JuliaParallel / DistributedArrays.jl

Distributed Arrays in Julia
Other
197 stars 35 forks source link

setindex! not defined? #155

Closed barche closed 4 years ago

barche commented 6 years ago

Hi,

Is it possible setindex! is not defined? I tried the following:

@everywhere using DistributedArrays
x = dzeros((20,), procs(), (nprocs(),))
x[20] = 3

But got

ERROR: indexing not defined for DistributedArrays.DArray{Float64,1,Array{Float64,1}}
Stacktrace:
 [1] setindex!(::DistributedArrays.DArray{Float64,1,Array{Float64,1}}, ::Int64, ::Int64) at ./abstractarray.jl:967

I could set a value using this workaround (assuming the above was on 4 processes):

@sync @spawnat 4 localpart(x)[end] = 3.0

So it seems a general setindex! would not be that difficult to implement (presumably using the same mechanism to get local indices as used in getindex), or am I missing something here?

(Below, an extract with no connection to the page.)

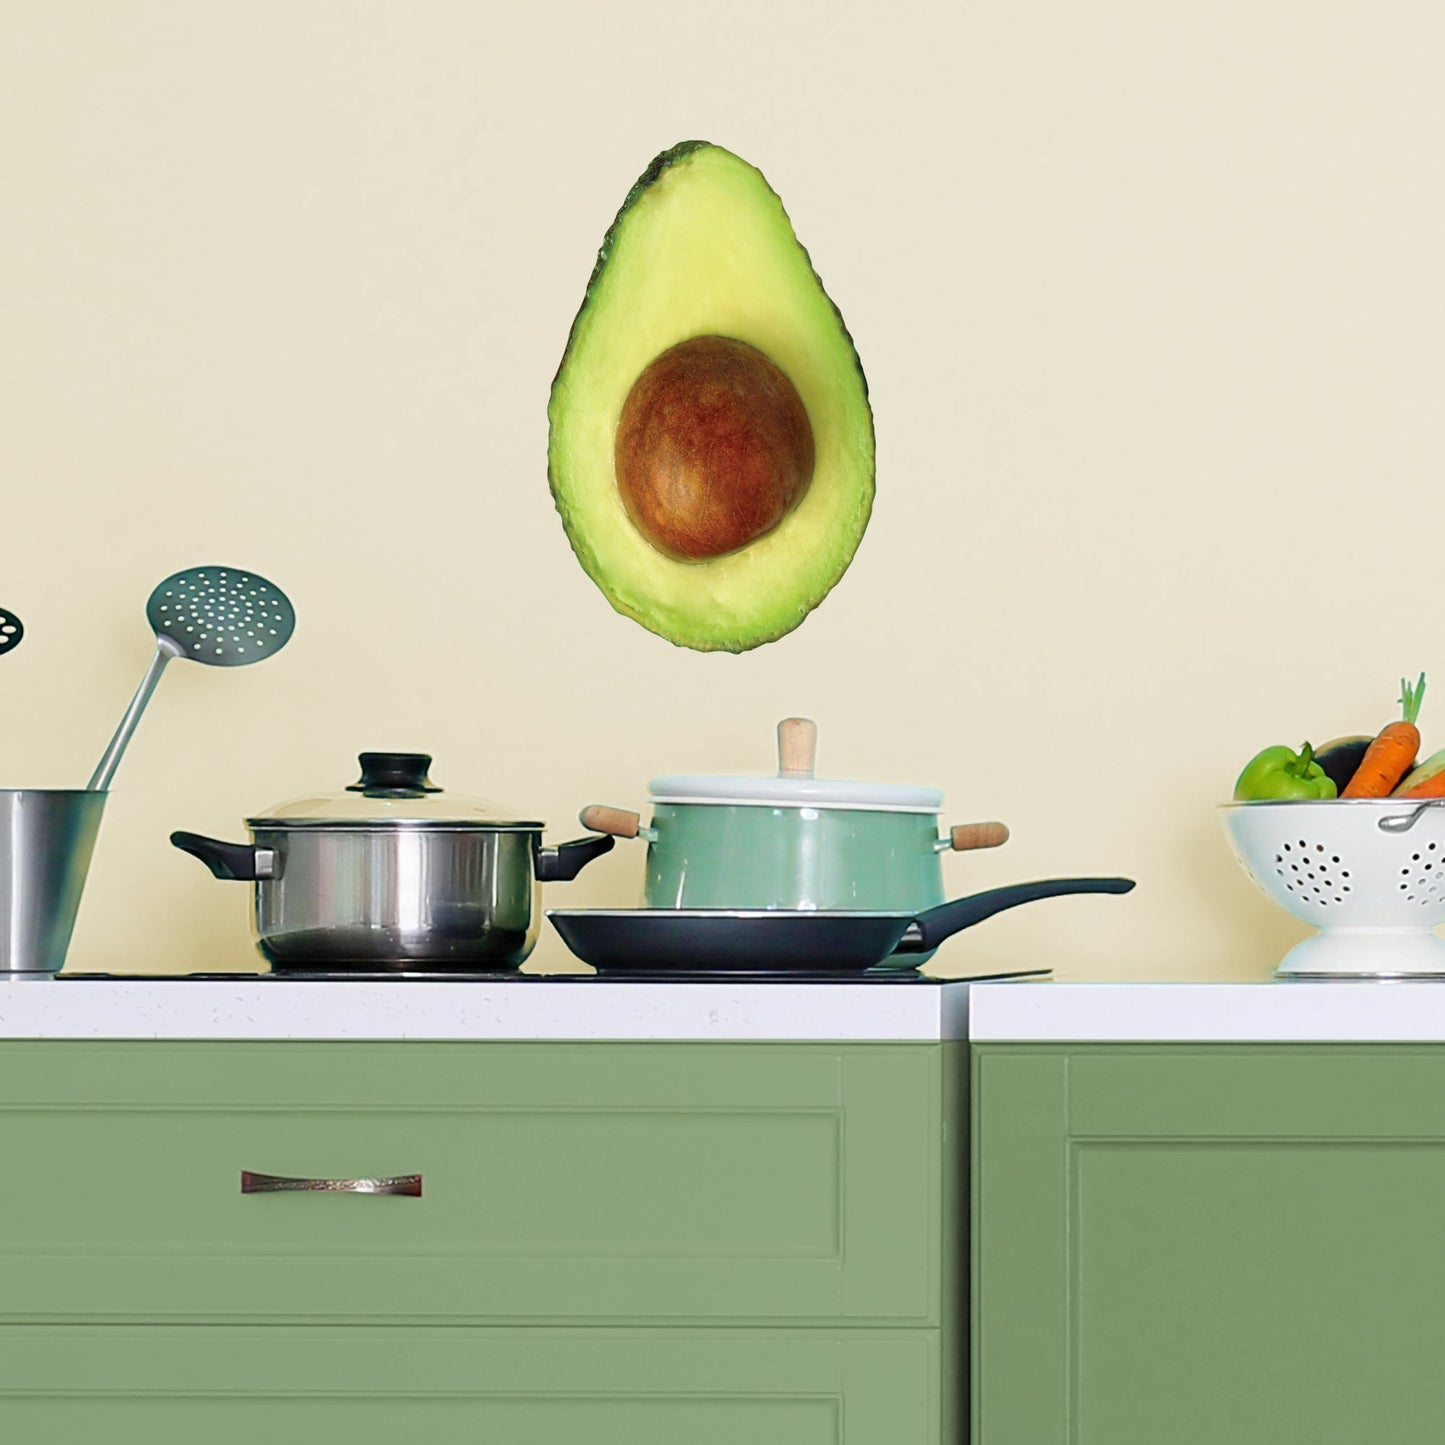 Large Avocado + 2 Decals (10"W x 15"H)

andreasnoack commented 6 years ago

The setindex! machinery in Base assumes that it is fine to set a single element at a time. That would be very expensive for distributed arrays which is why we don't define scalar setindex!. You could argue that it would be better to provide the functionality even though it is slow but in my experience, it is better to get an error than falling back to the many AbstractArray methods in Base for distributed arrays which are extremely slow for DistributedArrays. Then there is the question about setindex! for ranges. Feel free to give it a shot but I fear it might be complicated.

barche commented 6 years ago

Aha, that makes sense indeed. I was thinking about implementing a parallel array type over MPI (using locked windows) and that would have the same problem (lock/unlock being expensive). I wonder if it would be possible to somehow queue all remote updates in a code block and send the data in one go when the block is closed. Possibly some kind of do-block method could be used to avoid forgetting to close. Some pseudo-code to make it a bit clearer:

darr = dzeros(...)
w = darraywriter(darr)
for i in some_global_index_collection
  w[i] = my_complicated_calculation(i, ...)
end
close(w) # this actually does the communication
andreasnoack commented 6 years ago

We'd probably have to do something like that to make it efficient.

If you are considering an MPI based array type then you might want to take a look at https://github.com/kpamnany/Gasp.jl which we used for the big Celeste runs last year.